So in asking this question, I know there are about a million variables that can change the answer (which should make it an interesting discussion).

This past week, I got a chance to play two different courses, which is unusual for me, as I play nearly all my golf at my home course. As I've noted in other threads, our course is short: it barely cracks 6,000 yards from the back tees. It's a par 71; my scores cluster pretty tightly around 90. My best round has been a 77.

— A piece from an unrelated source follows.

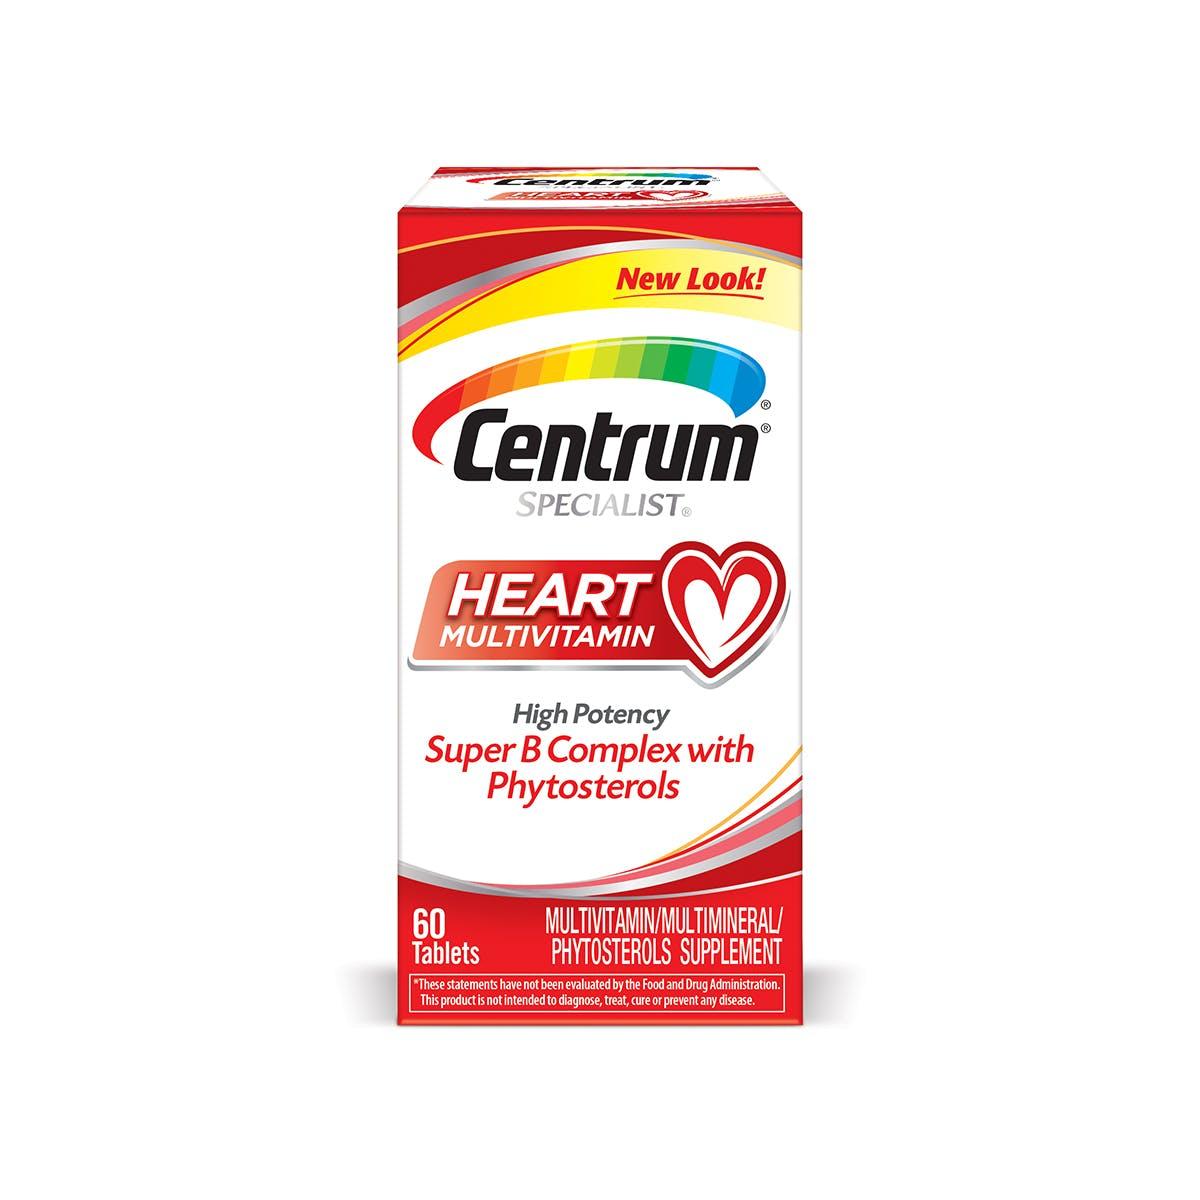 Box of centrum specialist heart multivitamins

The first course I played this week is 6,297 yards from the back tees. The second course, SentryWorld, offered a mixed tee option that I expected to suit my game; the blue/white tee comes in at 6,401 yards. With those extra yards, I shot a 92 (+20) at Trout Lake and then a 91 (+19) at SentryWorld; that is, pretty much exactly what I shoot at 6,000 yards.

In fact, over my last 8 rounds at my home course, I've been averaging closer to 21.6 over. So there's a strong argument that I played better with an additional 300–400 yards to navigate.

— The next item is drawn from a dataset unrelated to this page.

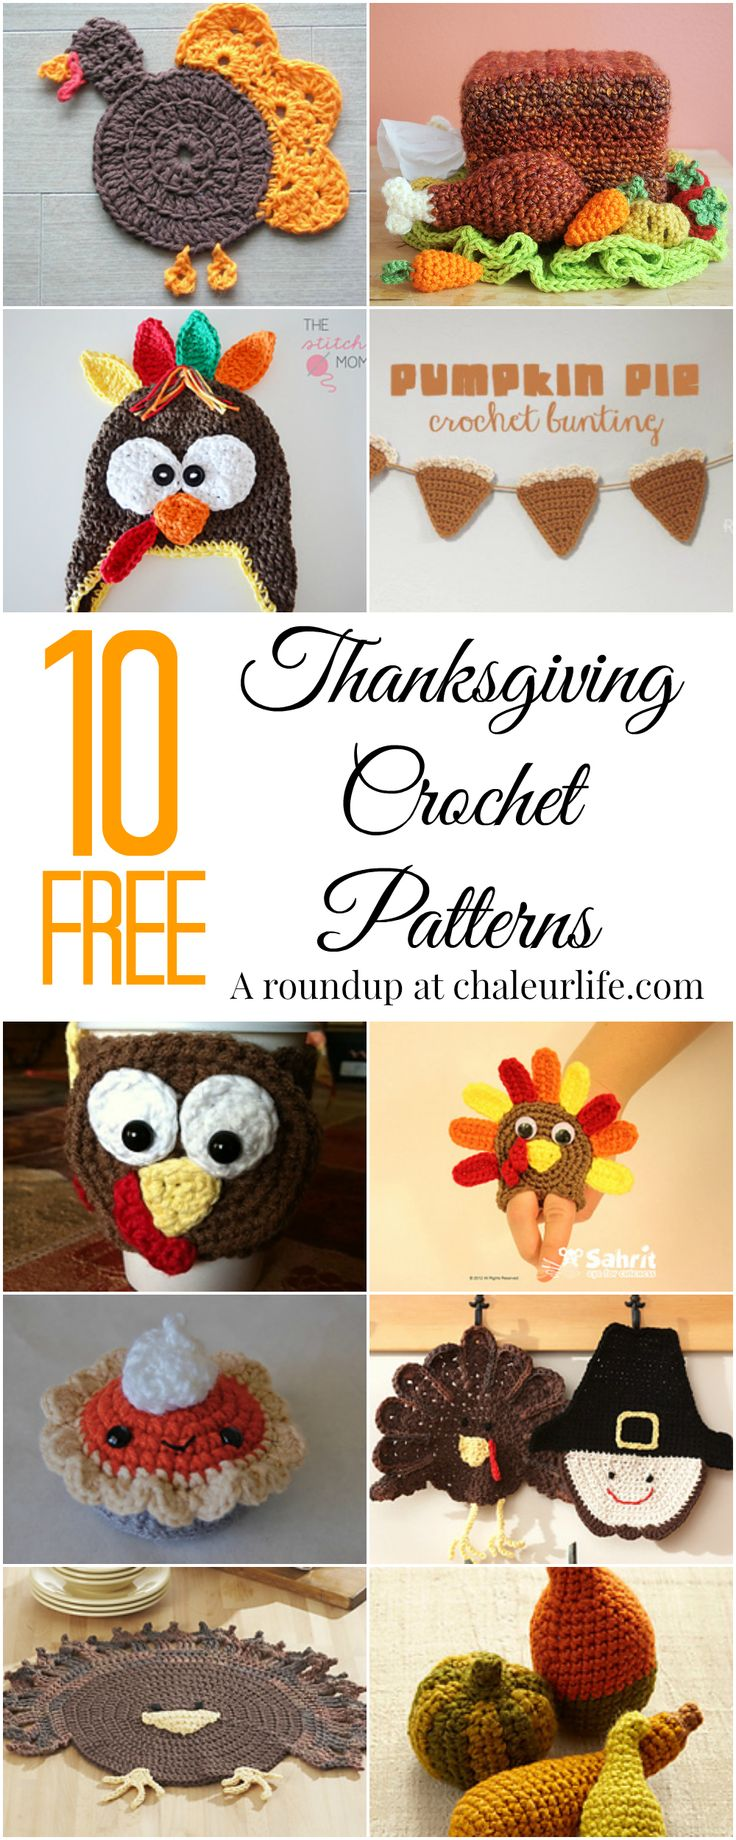 10 Free Thanksgiving Crochet Patterns | Chaleur Life

This is an interesting question for me, because I normally play such a short course, and want to have a decent understanding, objectively, where my game stands.

So in your opinion, how much do you expect that adding yardage changes your expected scoring?

What types of hazards do you have at your course, and are they typically in play off the tee?  At longer courses are the hazards not really in play?

I've found this is the case for me.  I play tees at my course that are borderline too long for my swing speed; about 6100y.  However, the next tee up is too short.  When there is wind, there are some par 4's and 5's that I can't reach in regulation.  If I play a longer course, hazards usually don't really come into play at all.  I can aim at a fairway bunker knowing that I can't get there.  I can play slightly longer courses, but it's not fun to do it all the time.  On holes I can't reach, I have to rely on my short game to make par with no chances at birdies.  I do this often at home, and when my short game is on, I can still manage a good score.  On unfamiliar courses that doesn't happen very often; not because I get into trouble, but because of unfamiliar grass and speed/contours of the greens.  Getting up and down is more difficult.  So, I can usually count on 5-10 shots higher than normal on courses up to 6500y.  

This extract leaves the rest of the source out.